Safety data revealed any-grade treatment-related adverse effects (TRAEs) in 89.8% of the study population; 36.5% of patients experienced grade 3 or higher toxicities. The most common TRAEs of any grade included nausea (43.1%), anemia (34.1%), and neutropenia (34.3%). Of note, treatment-associated interstitial lung disease (ILD) or pneumonitis based on adjudication committee evaluation occurred in 12.4% of patients.

“[T]his phase 2 trial demonstrated the promising efficacy of I-DXd [at] 12 mg/kg in patients with previously treated ES-SCLC. ILD was confirmed as an important identified risk that, to reduce the risk of serious adverse outcomes, warrants comprehensive education and surveillance to allow prompt identification and management using established guidelines,” lead study author Charles M. Rudin, MD, PhD, Cancer Center deputy director, co-director at Druckenmiller Center for Lung Cancer Research, and Sylvia Hassenfeld Chair in Lung Cancer Research at Memorial Sloan Kettering Cancer Center, wrote with coauthors in the publication.² “Although the safety profile does require monitoring for ILD, it is manageable with due care, so the overall benefit-risk profile of the 12-mg/kg dose is favorable.”

In the international, open-label, phase 2 IDeate-Lung01 trial, investigators assessed I-DXd among patients with ES-SCLC across 2 parts. In the dose-optimization phase of the study, patients were randomly assigned to I-DXd at 8 mg/kg or 12 mg/kg. In the extension phase, patients received the agent 12 mg/kg based on results from part 1 of the trial.

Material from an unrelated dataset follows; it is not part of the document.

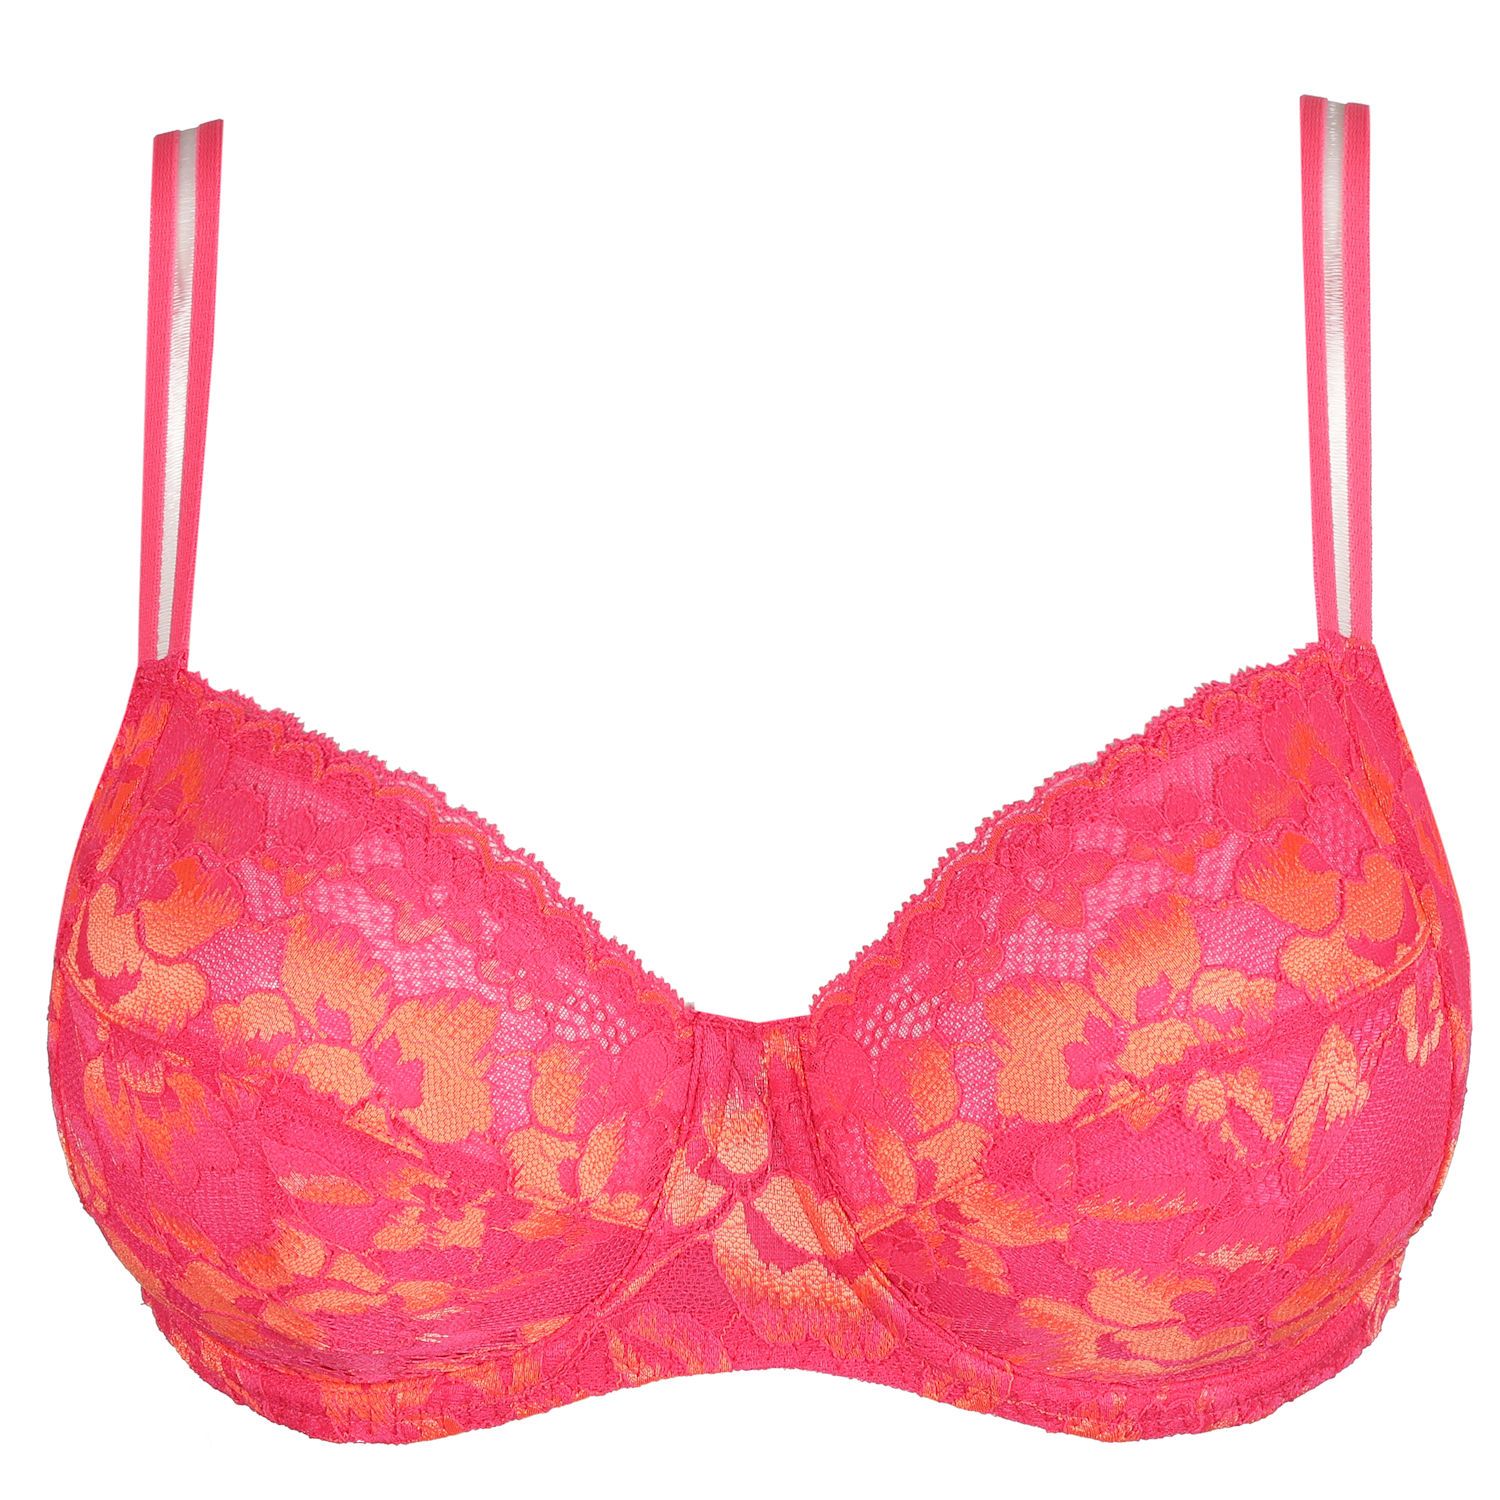 Non-padded underwired lace bra - Light pink - Ladies

The trial’s primary end point was confirmed ORR based on BICR evaluation using RECIST v1.1 criteria. Secondary end points included DCR, duration of response, time to response, and PFS. Patients 18 years and older with histologically or cytologically confirmed ES-SCLC who received at least 1 prior line of platinum-based chemotherapy and at least 3 prior lines of systemic treatment were eligible for enrollment on the trial.

References

1. Ifinatamab Deruxtecan granted priority review in the U.S. for adult patients with previously treated extensive-stage small cell lung cancer who experienced disease progression on or after platinum-based chemotherapy. News release. Daiichi Sankyo. April 13, 2026. Accessed April 14, 2026. https://tinyurl.com/4txu4rr9
2. Rudin CM, Johnson ML, Paz-Ares Let al. Ifinatamab deruxtecan in patients with extensive-stage small cell lung cancer: primary analysis of the phase II IDeate-Lung01 Trial. J Clin Oncol. 2026;44(4):261-273. doi:10.1200/JCO-25-02142.